Sierra and I are sitting at a table in Panera Bread next to
a window, sipping our sweet smoothies slowly. On the other side of the glass,
sitting under the blazing sun just feet away from us, there are two women with
giant salad bowls talking animatedly to each other. They look so carefree,
their pearl white teeth practically glinting as they smile broadly at each
other. Sierra and I have just been having a long conversation about some of the
biggest things we struggle with in our lives. Sierra stares down at the table
gravely and says,
“We are just so far from having it all together aren’t we?”
I nod and grunt a wordless agreement. Sierra pauses
thoughtfully, then lifts her head and looks at me straight on.
“But isn’t it great how God can use us anyway?”
Since the moment I stepped foot on that red Swaziland soil
last July, I knew I wanted to return to that country again. I knew I wanted to
go back and walk those walks through thorns and cow droppings to visit the
homesteads of my new friends. I knew I wanted to go back and squeeze little
Tanele against my chest and hear her squeaky voice mutter, “I love you!” I knew I wanted to go back to sing
and pray and laugh and cry and love the people who I knew for such a short time
yet so easily came to feel like family.
For months I said the same prayer, asking for guidance on if
I should go to Swaziland and how I should make that happen. And call me crazy,
but for months I heard the same answer:
“What are you willing to let go of?”
I started going through everything. Was it money I was
supposed to give up? Time? Possessions? I tried doing all of that, but nothing
seemed to click.
And then all at once, when I was sitting at home the night
after meeting with Sierra and a person I would never have suspected in a
million years asked how to donate to my trip, and then a few minutes later
another person asked, and then another, I realized that what I was supposed to
give up was something much simpler, but much scarier, than I had imagined.
Pride. I had to let go of pride.
I had to let go of that nasty little voice that kept leaning
in to whisper and sometimes even to yell, “You’ve got to figure out how to make
this happen. You’ve got to get this taken care of! You’ve got to do this on
your own!”
I had to let go of the idea that I could make a trip to
Swaziland happen. I had to let go of the idea that I was going to do it all
myself.
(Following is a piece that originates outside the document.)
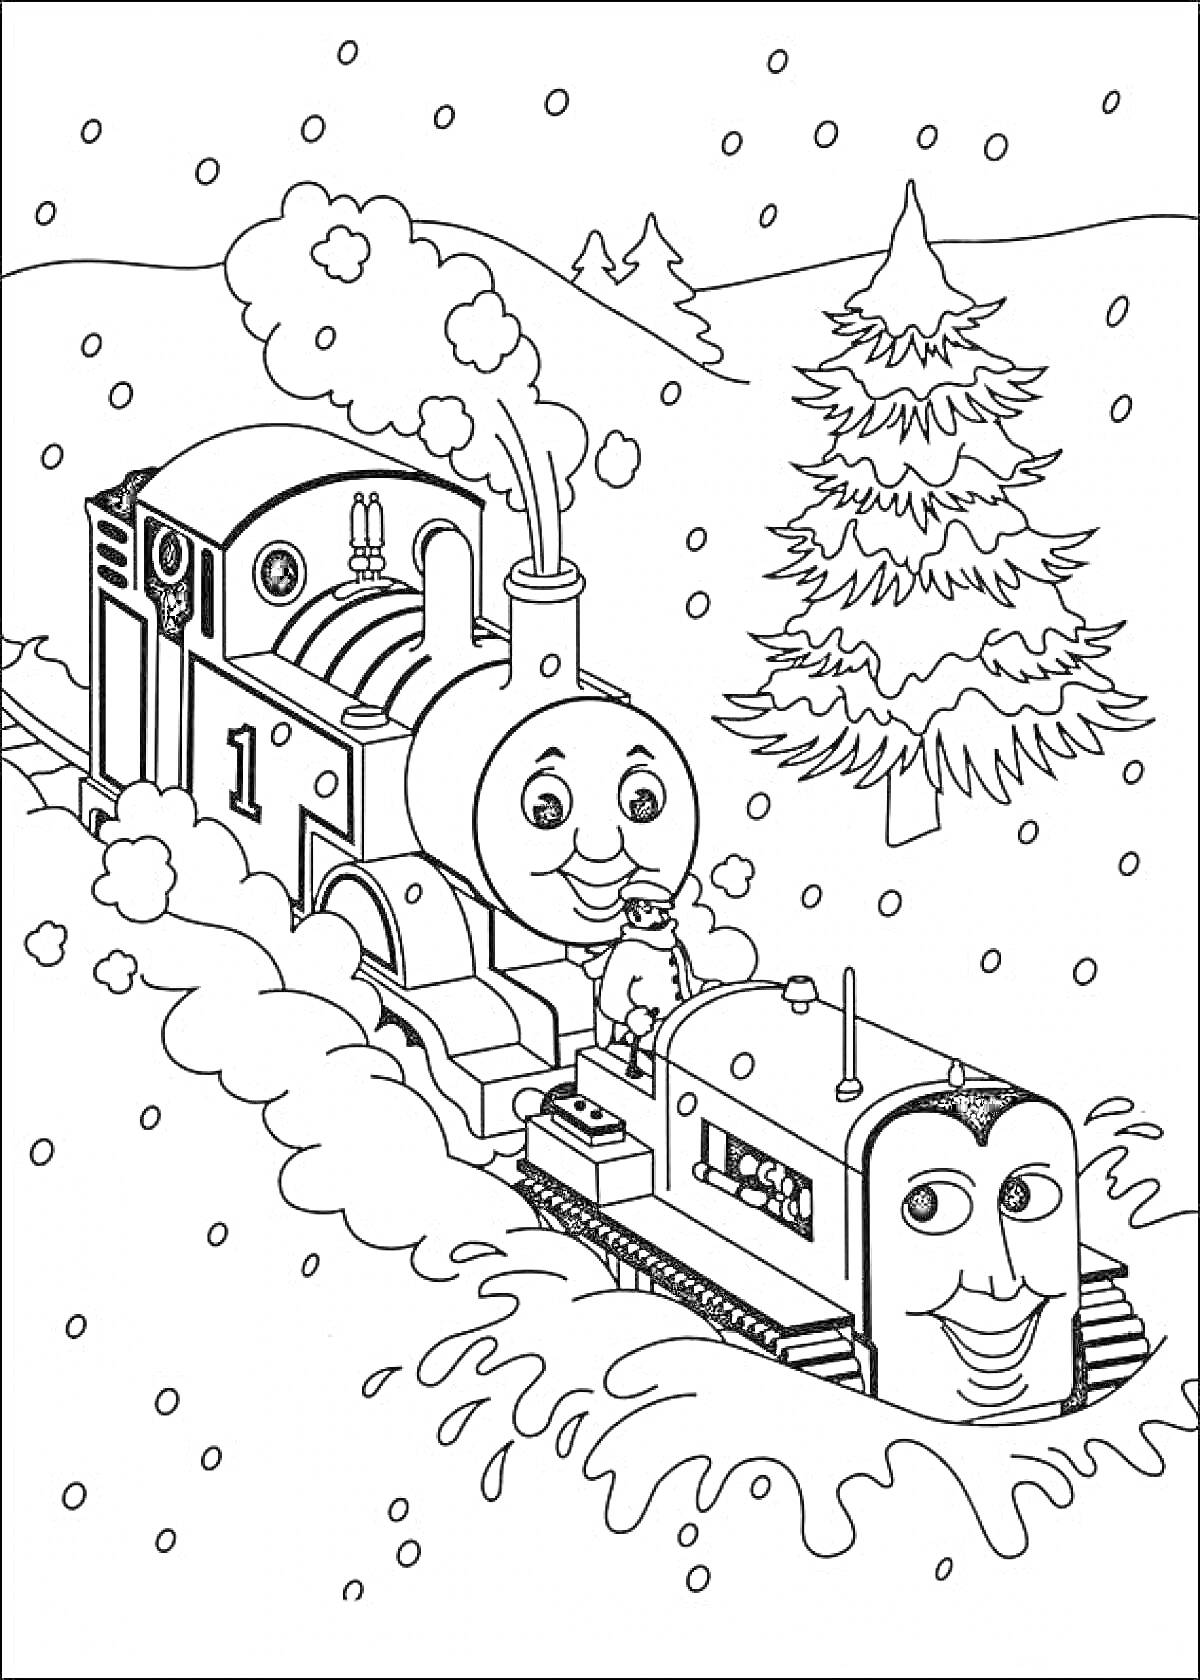 Паровозик Томас едет по заснеженной дороге, на фоне ель и холмы, падает снег

I had to let go of the idea that I was even remotely close to having it
all together because I didn’t at all and I still don’t. But I think that
there’s something beautiful in knowing that, something beautiful in letting go
of the idea that my small little self is somehow so mighty and all-powerful.
When I let go of my pride and washed off the paint of
pretending to be totally independent and capable, I found out that just because
I can’t make a trip to Swaziland happen all by myself, doesn’t mean that a trip
to Swaziland can’t happen at all. Because it turns out that people exist in
this world who will spend countless hours helping you bake pies and cookies and
brownies. And even more people exist who will order those treats and will tell
their friends about them. And still even more people exist, who barely even
know you but scrape a few dollars out of their pockets to give you and then sit
down to hear your story and decide to scrape out just a few more. People exist
in the world who manage to embody the meaning of grace in the simplest ways.
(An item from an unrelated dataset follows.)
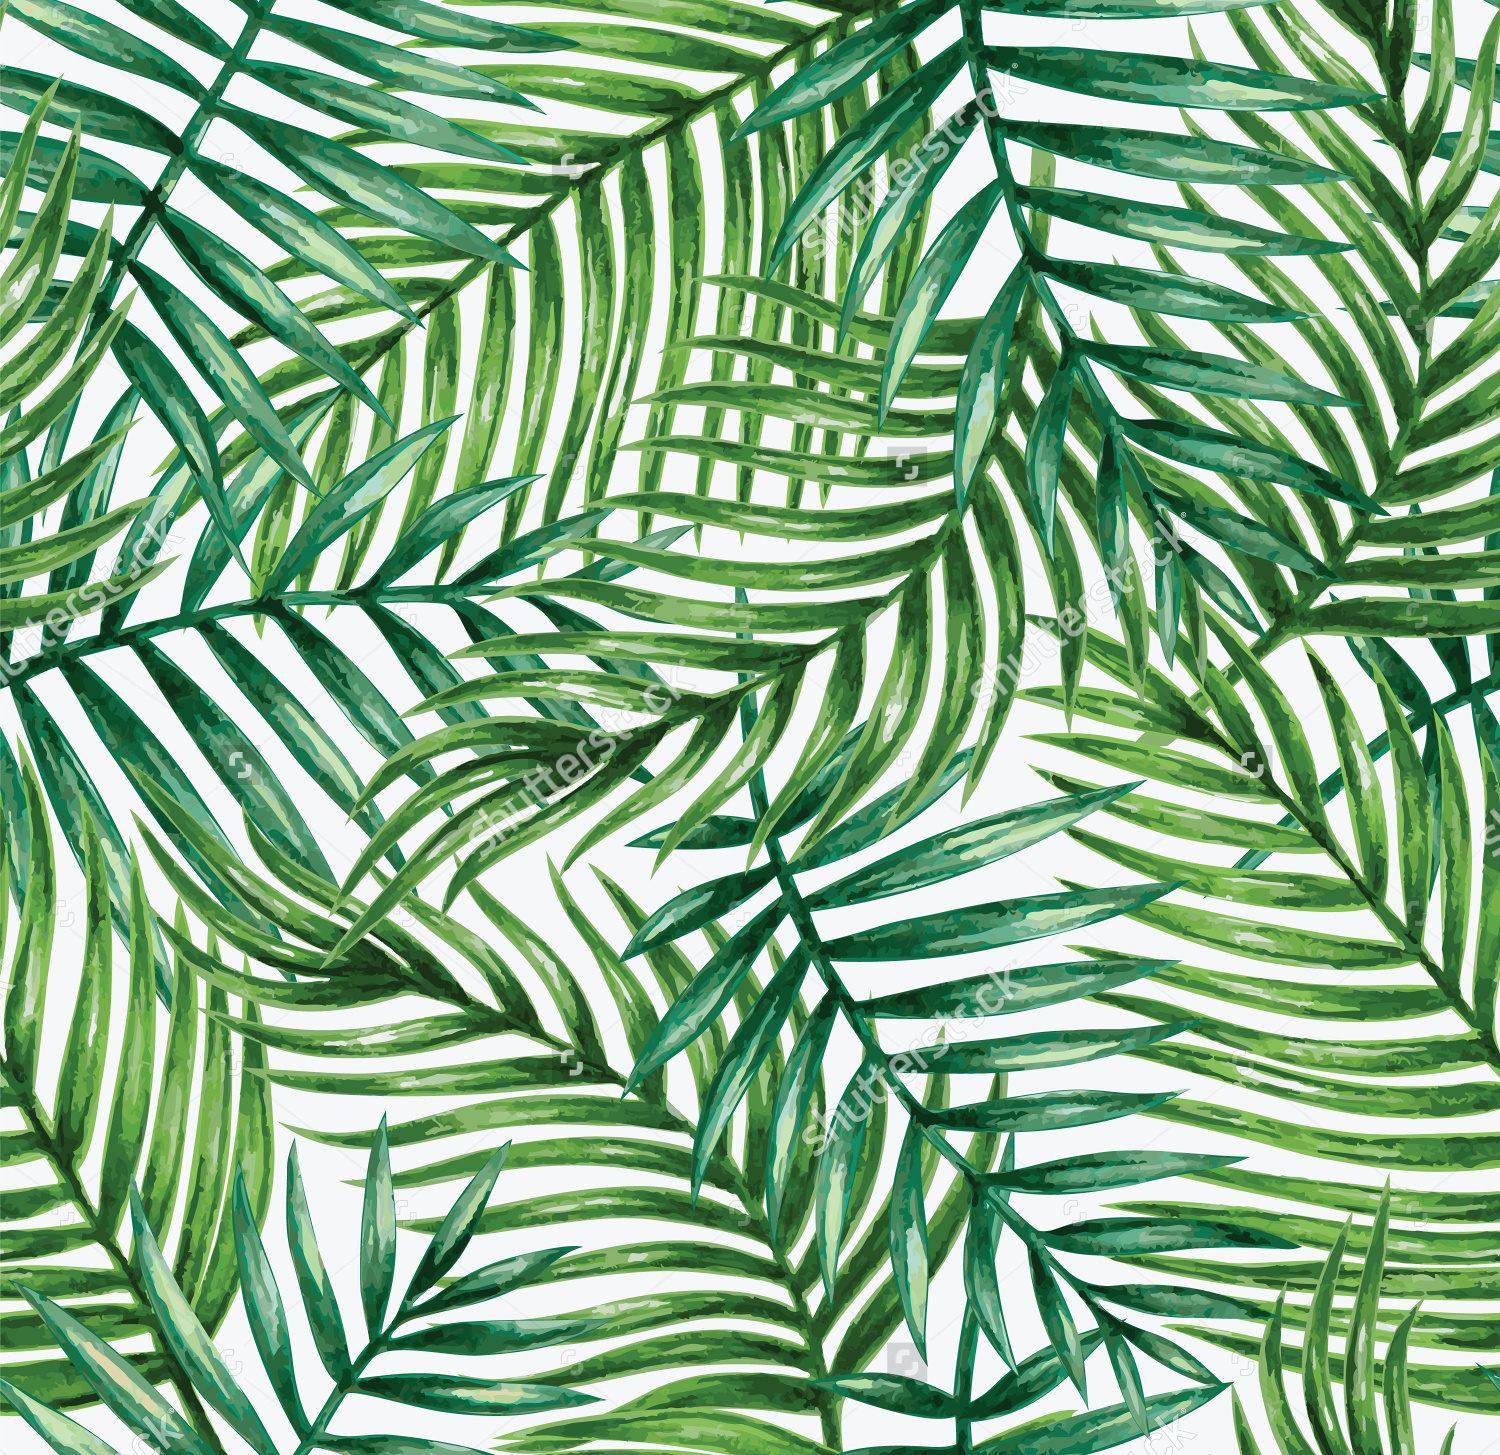 Leaf Design Patterns, Textures, Background, Image. Design

And that grace is what will be carrying me to Swaziland when I cannot do it on
my own.
I have yet to reach my goal to get me on that plane and
through the journey, but every day, purely and simply because of the blessings
other people have so generously poured out onto me, I am getting closer. And
when I get back there, and stand with that blaring African sun beating down on
my head and the red dirt blowing off the ground and into my face, I will not be
alone.
I will be clinging to that grace that showed up in the form
of flour, sugar, and fruit, in a shared photo on Facebook, and in all of those
five dollar bills that added up to make a sum that seemed impossible just days
before. I will not be alone because I will be carrying with me all of the
people who helped me get there.
I may not have it all together, but I am so thankful that I
don’t have to. I have cried so many tears of gratitude for the grace that
people have shown me in the most unexpected ways.
Last year, I watched as a shirt was picked out of nearly
1,000 and I won a trip to Swaziland. I called that a miracle. But this year, I
watched as $5 turned to $15, then $50,
then $150, then $1500. And I continue to watch as treats are baked and sold and
eaten and as donations show up every day in the mail or online, and how a
neighbor knocks on the door with a check in hand even as I am writing this and
how each part of this alone seems small or insignificant but when added
together forms a miracle even more spectacular than winning a trip.
All I can really do at this point is say thank you. Thank
you for showing me the meaning of grace. Thank you for being a part of building
this miracle. Thank you for doing this with me, because I definitely do not
have it all together and I most certainly cannot do this alone.